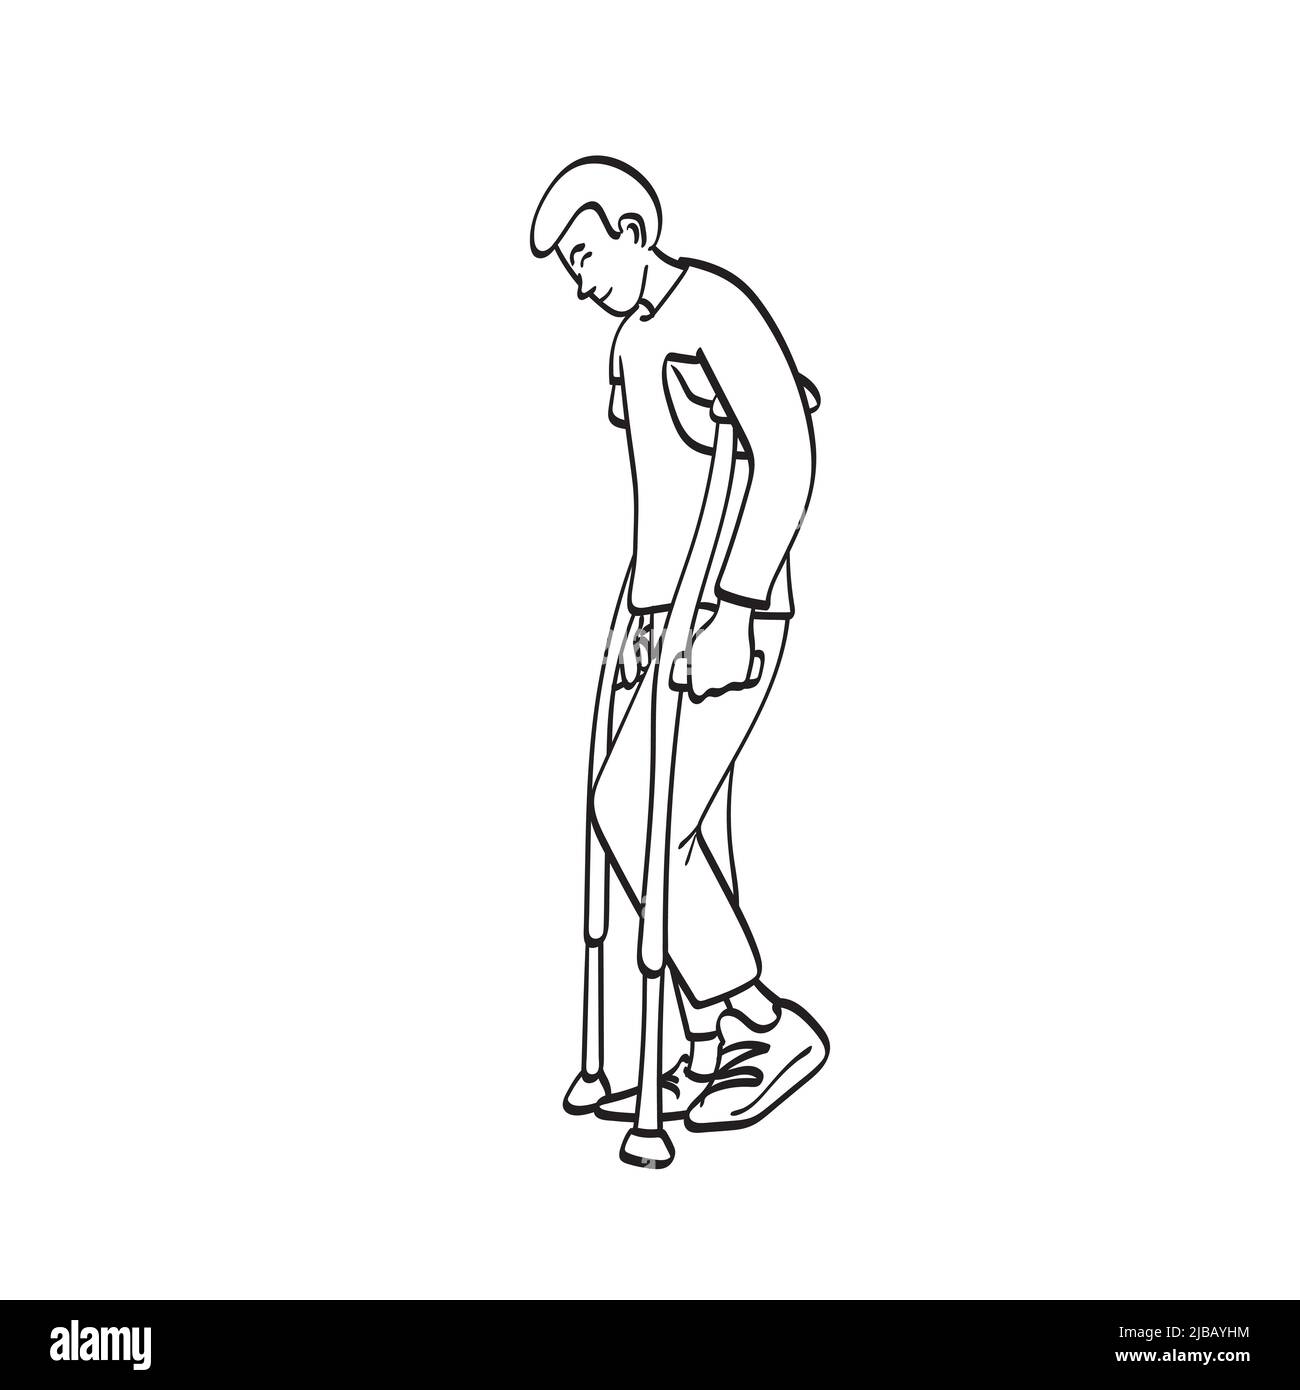 standing male patient with crutches illustration vector hand drawn isolated on white background line art. Stock Vector
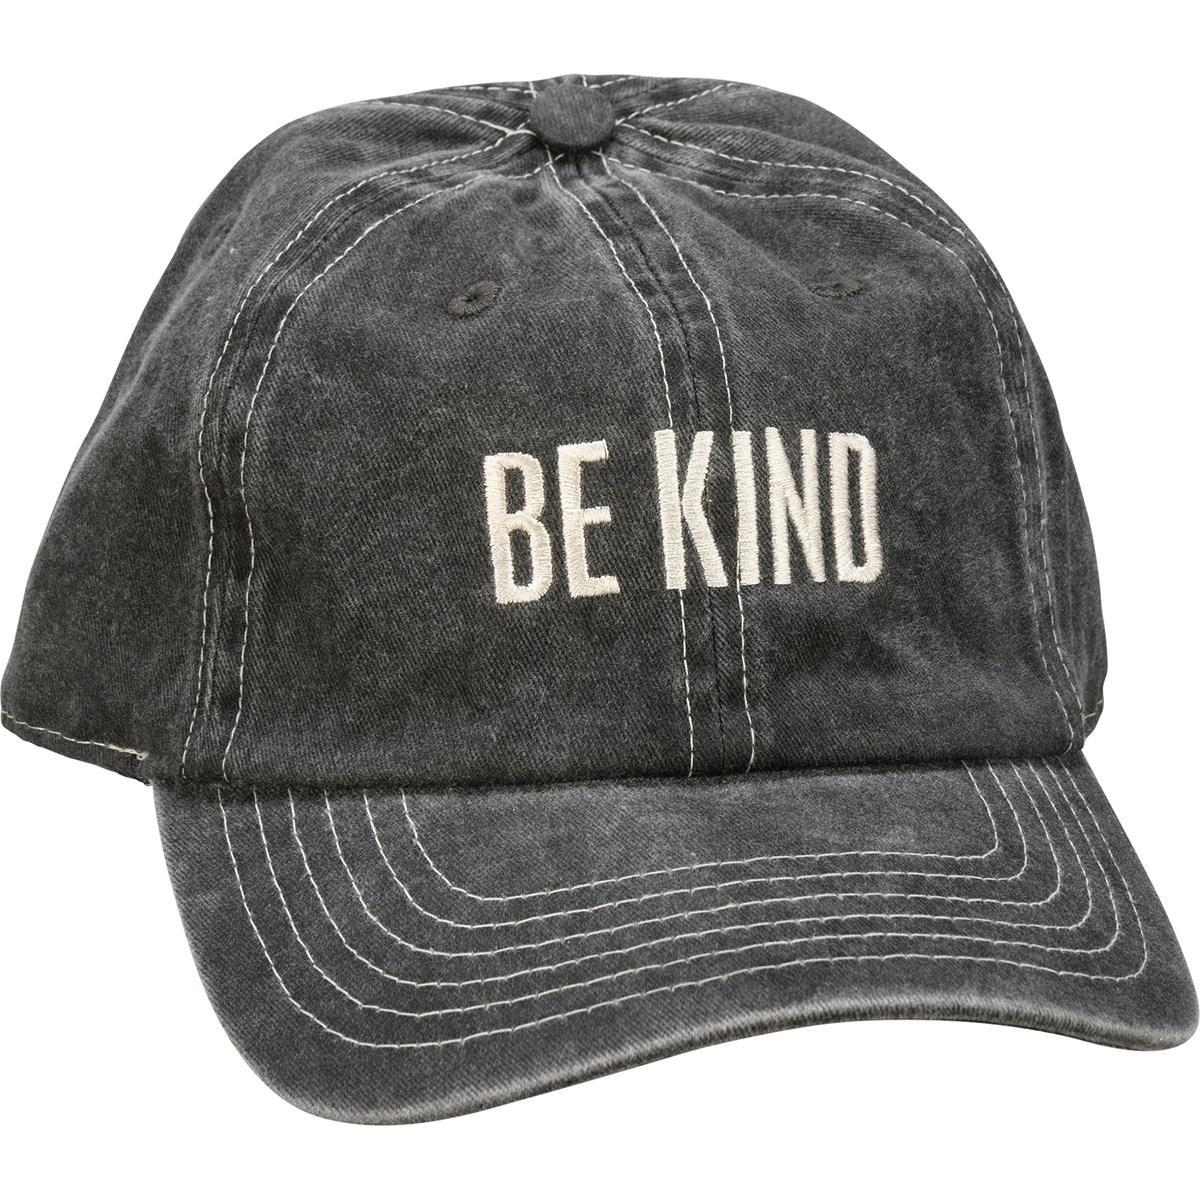 Be Kind Embroidered Hat
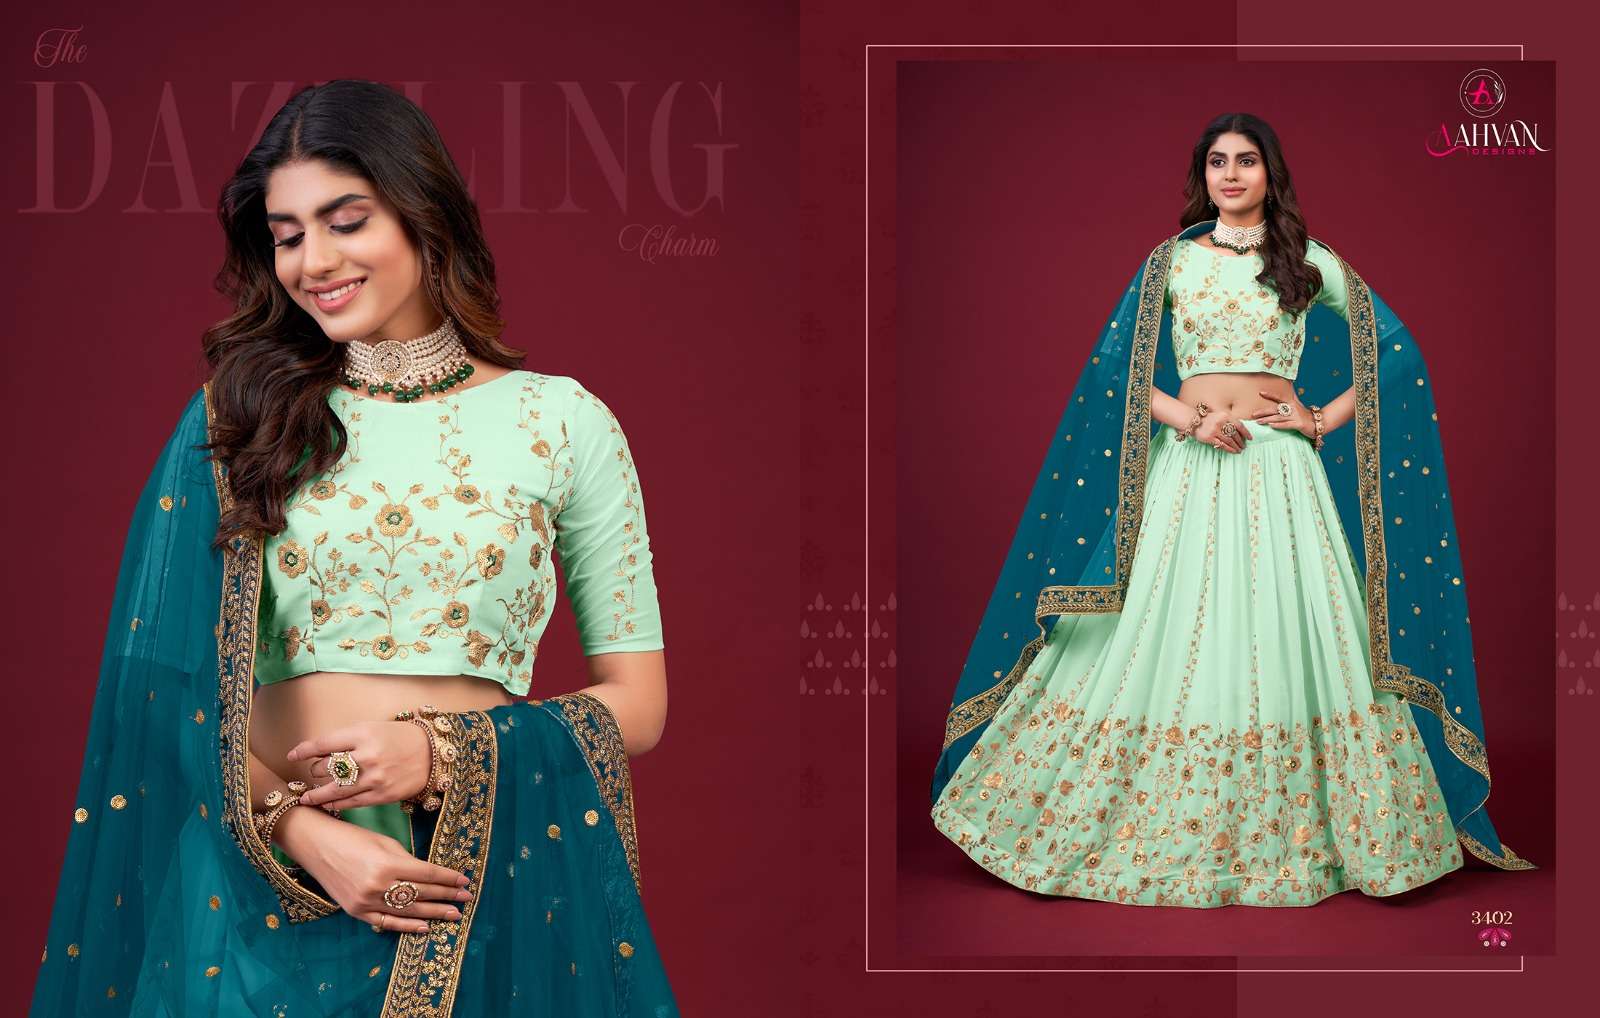 Glamour By Aahvan 3401 To 3404 Series Wedding Wear Collection Beautiful Stylish Colorful Fancy Party Wear & Occasional Wear Faux Georgette Lehengas At Wholesale Price

PROBLEM REQUIREMENTS:
Lines from the one containing "Be Kind Embroidered Hat" through the end of the material above must be reproduced exactly; pictures must not be.

WRITTEN REPLY:
 Be Kind Embroidered Hat
 Glamour By Aahvan 3401 To 3404 Series Wedding Wear Collection Beautiful Stylish Colorful Fancy Party Wear & Occasional Wear Faux Georgette Lehengas At Wholesale Price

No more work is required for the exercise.